EXERCISE DATA -
↓↓↓
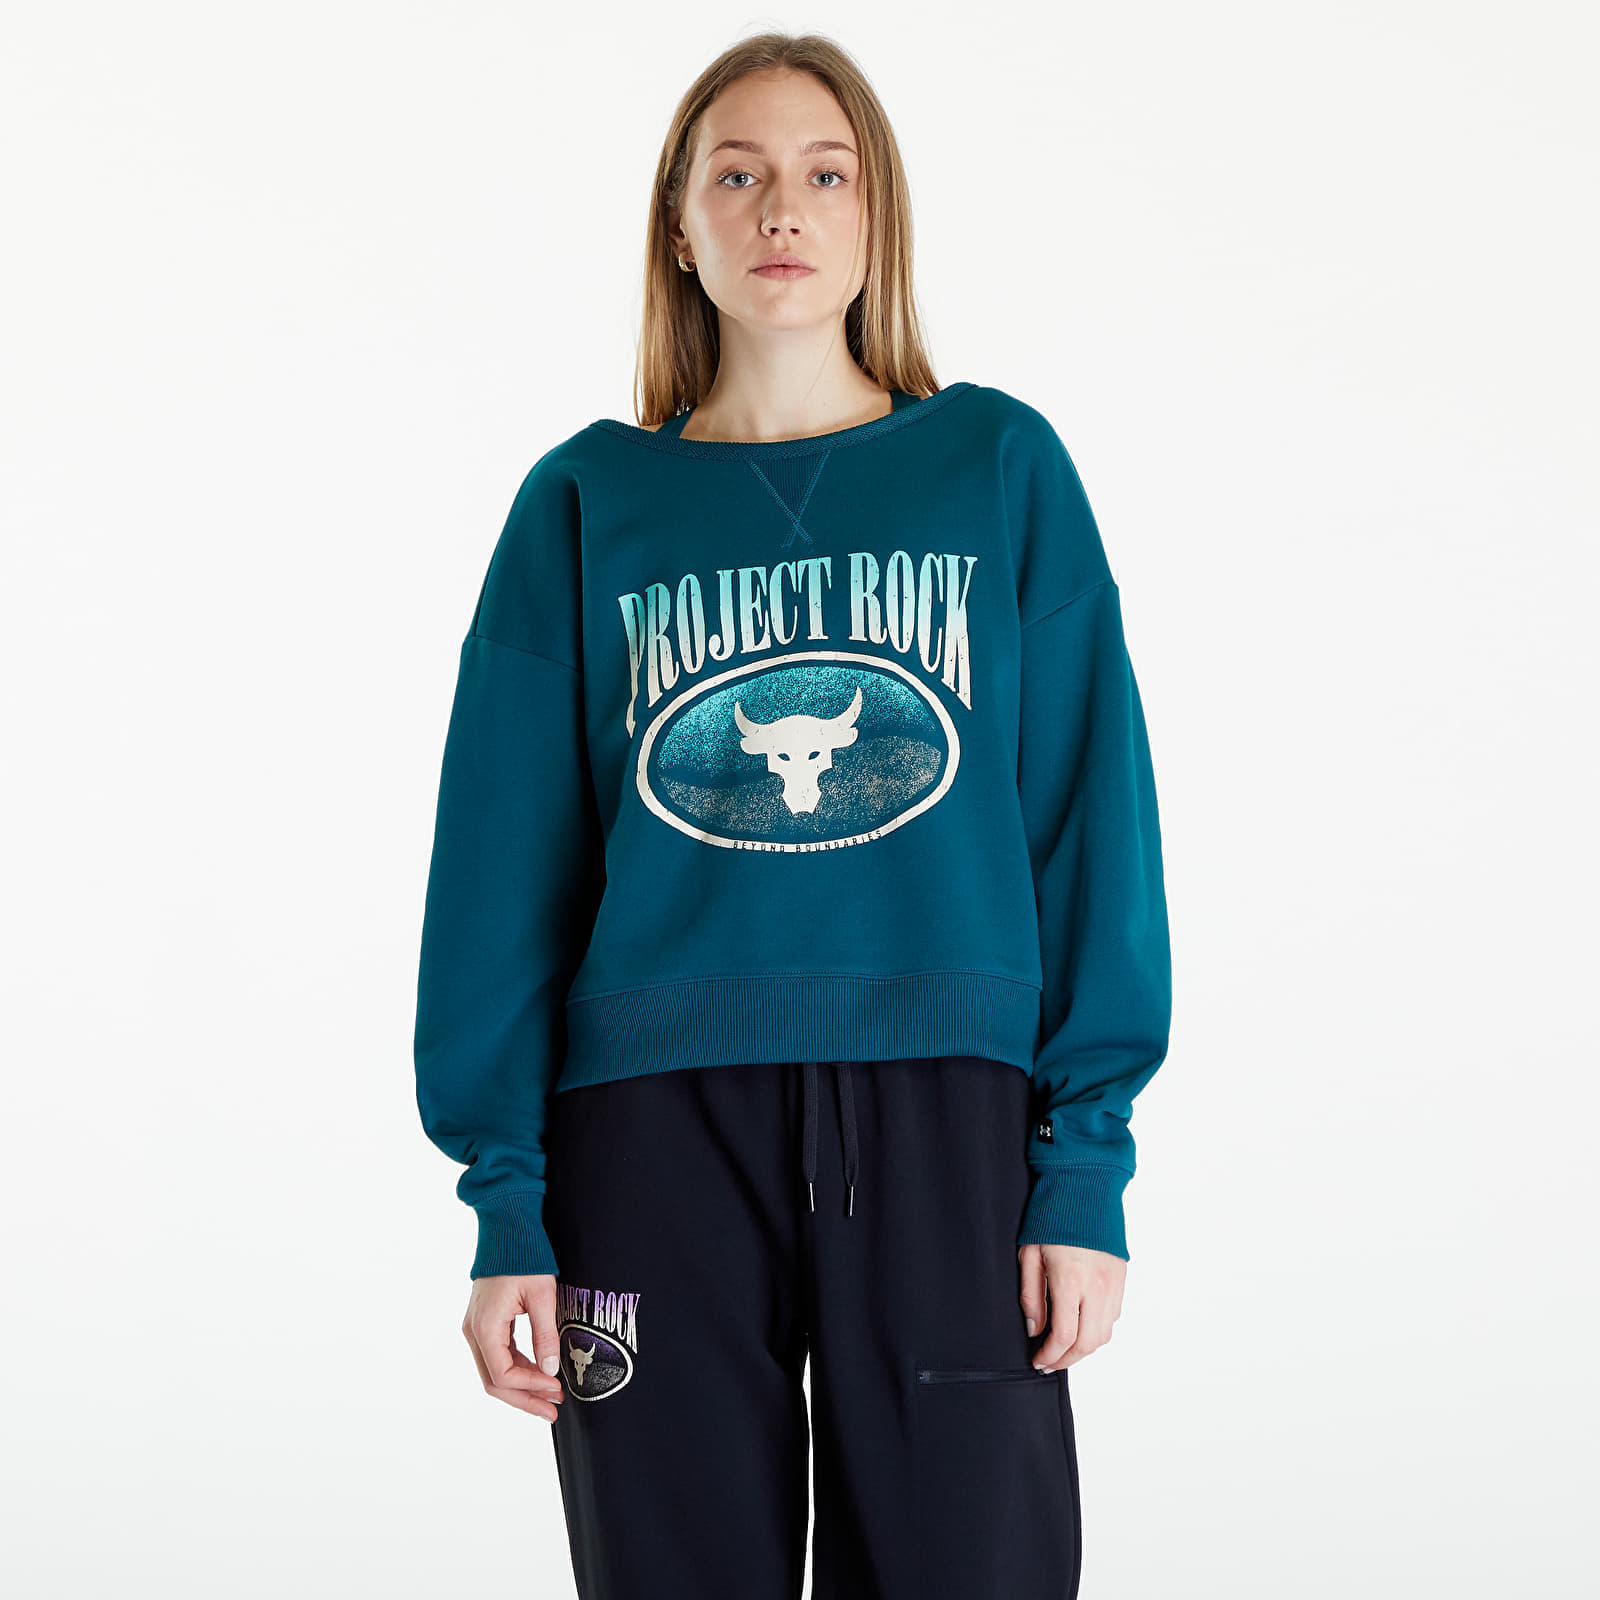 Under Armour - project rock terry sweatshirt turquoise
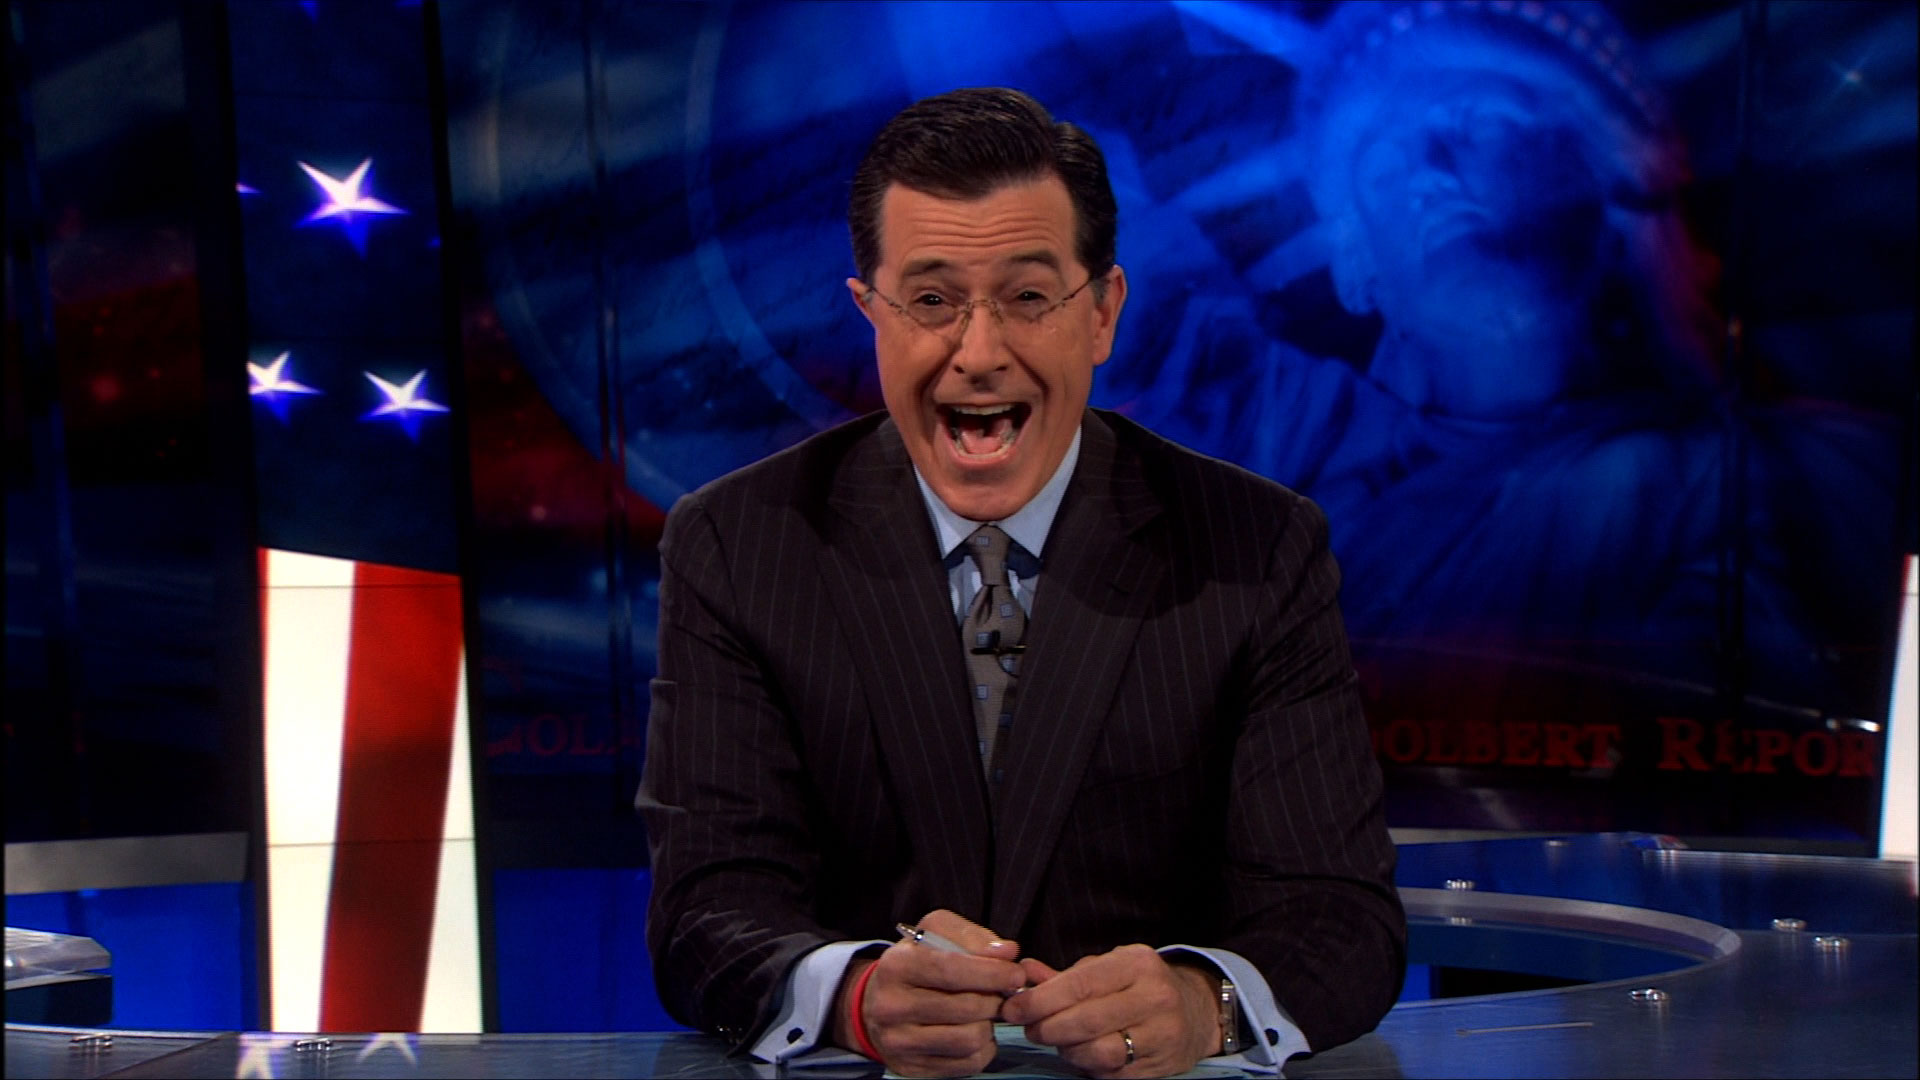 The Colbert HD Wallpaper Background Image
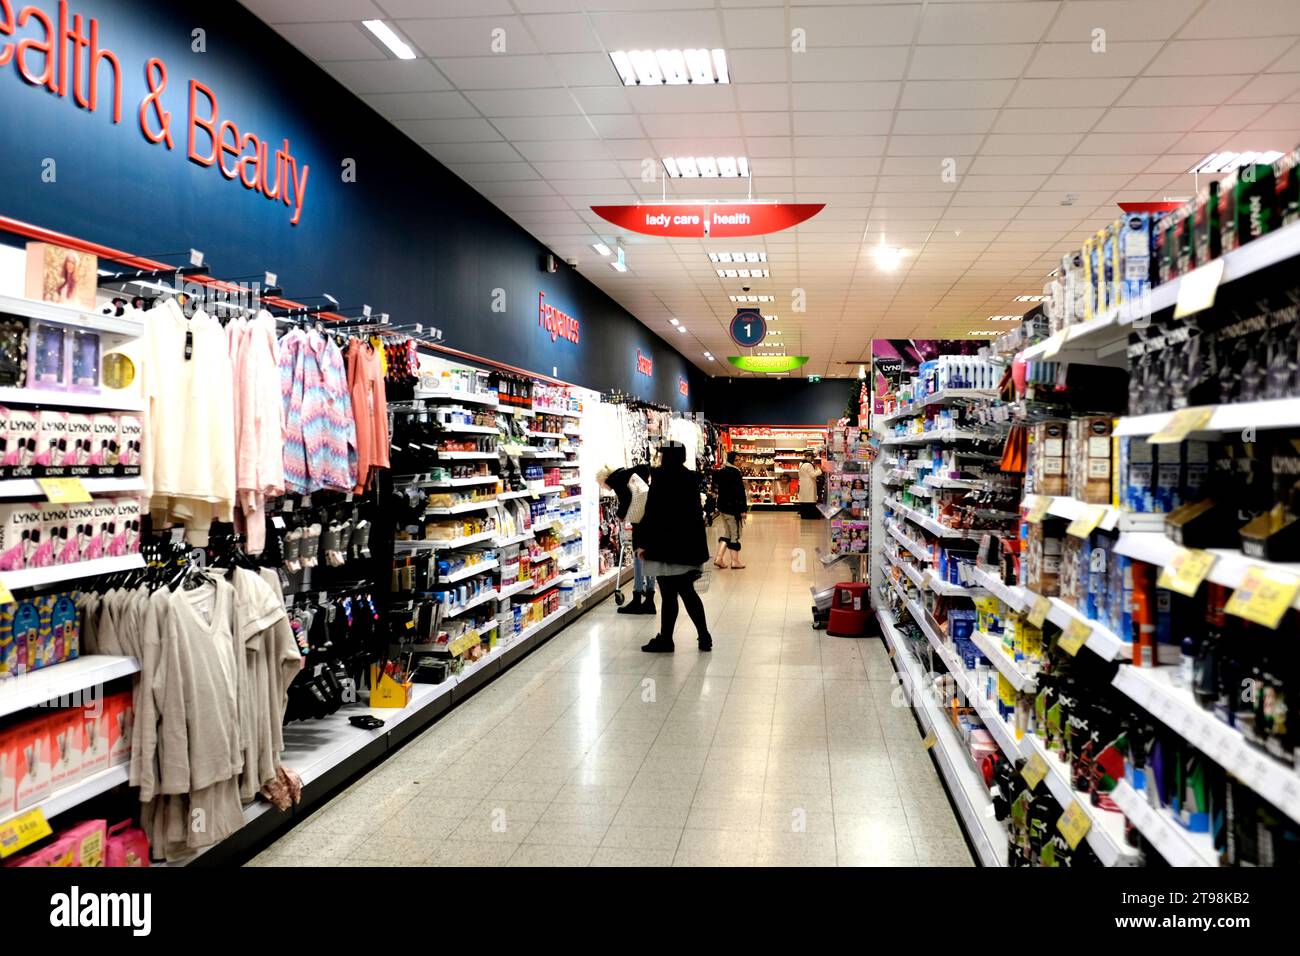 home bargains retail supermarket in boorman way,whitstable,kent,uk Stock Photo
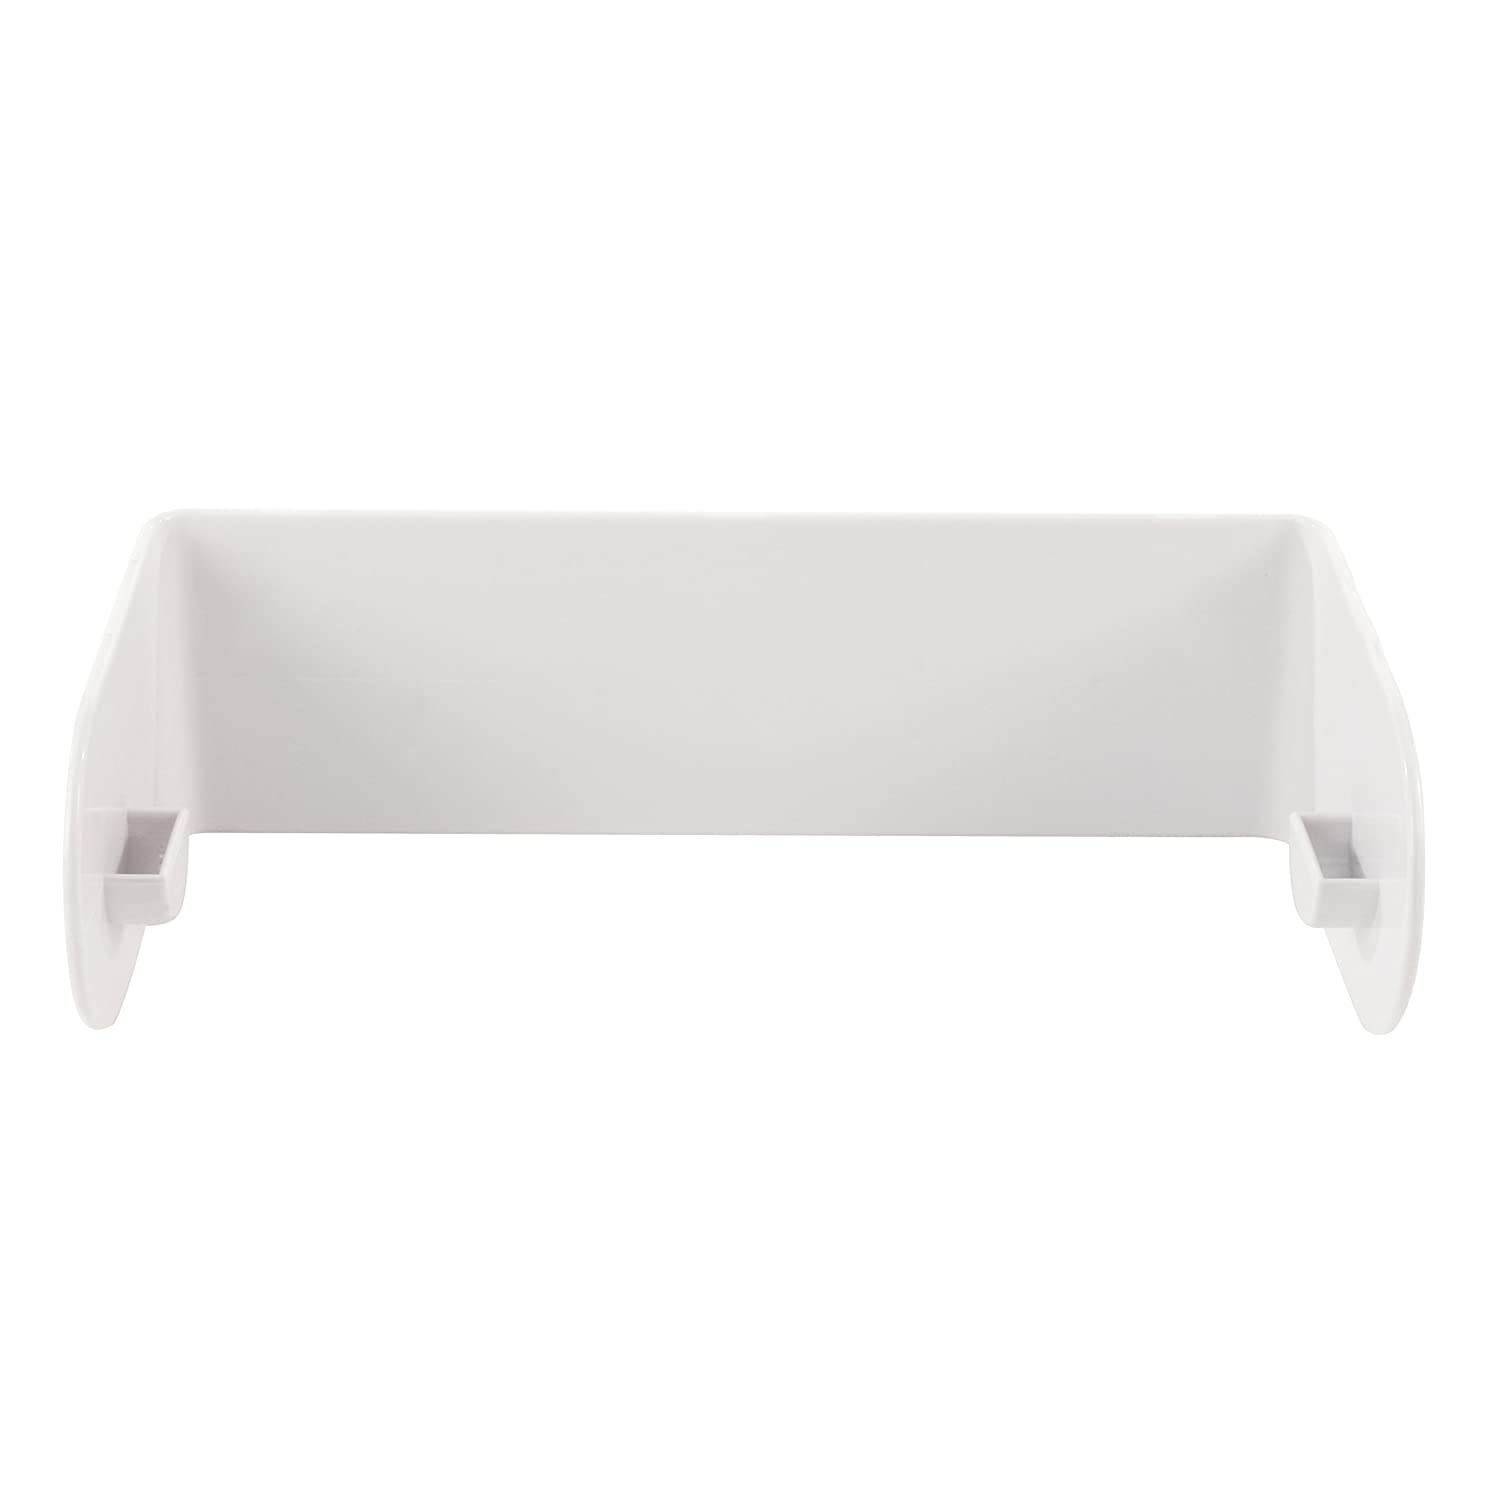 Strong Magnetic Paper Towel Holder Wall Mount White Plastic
↑↑↑
TASK GOAL -
Please write out every line of the listing above exactly, and leave the images behind.

EXERCISE SOLUTION -
 Under Armour - project rock terry sweatshirt turquoise
 The Colbert HD Wallpaper Background Image
 home bargains retail supermarket in boorman way,whitstable,kent,uk Stock Photo
 Strong Magnetic Paper Towel Holder Wall Mount White Plastic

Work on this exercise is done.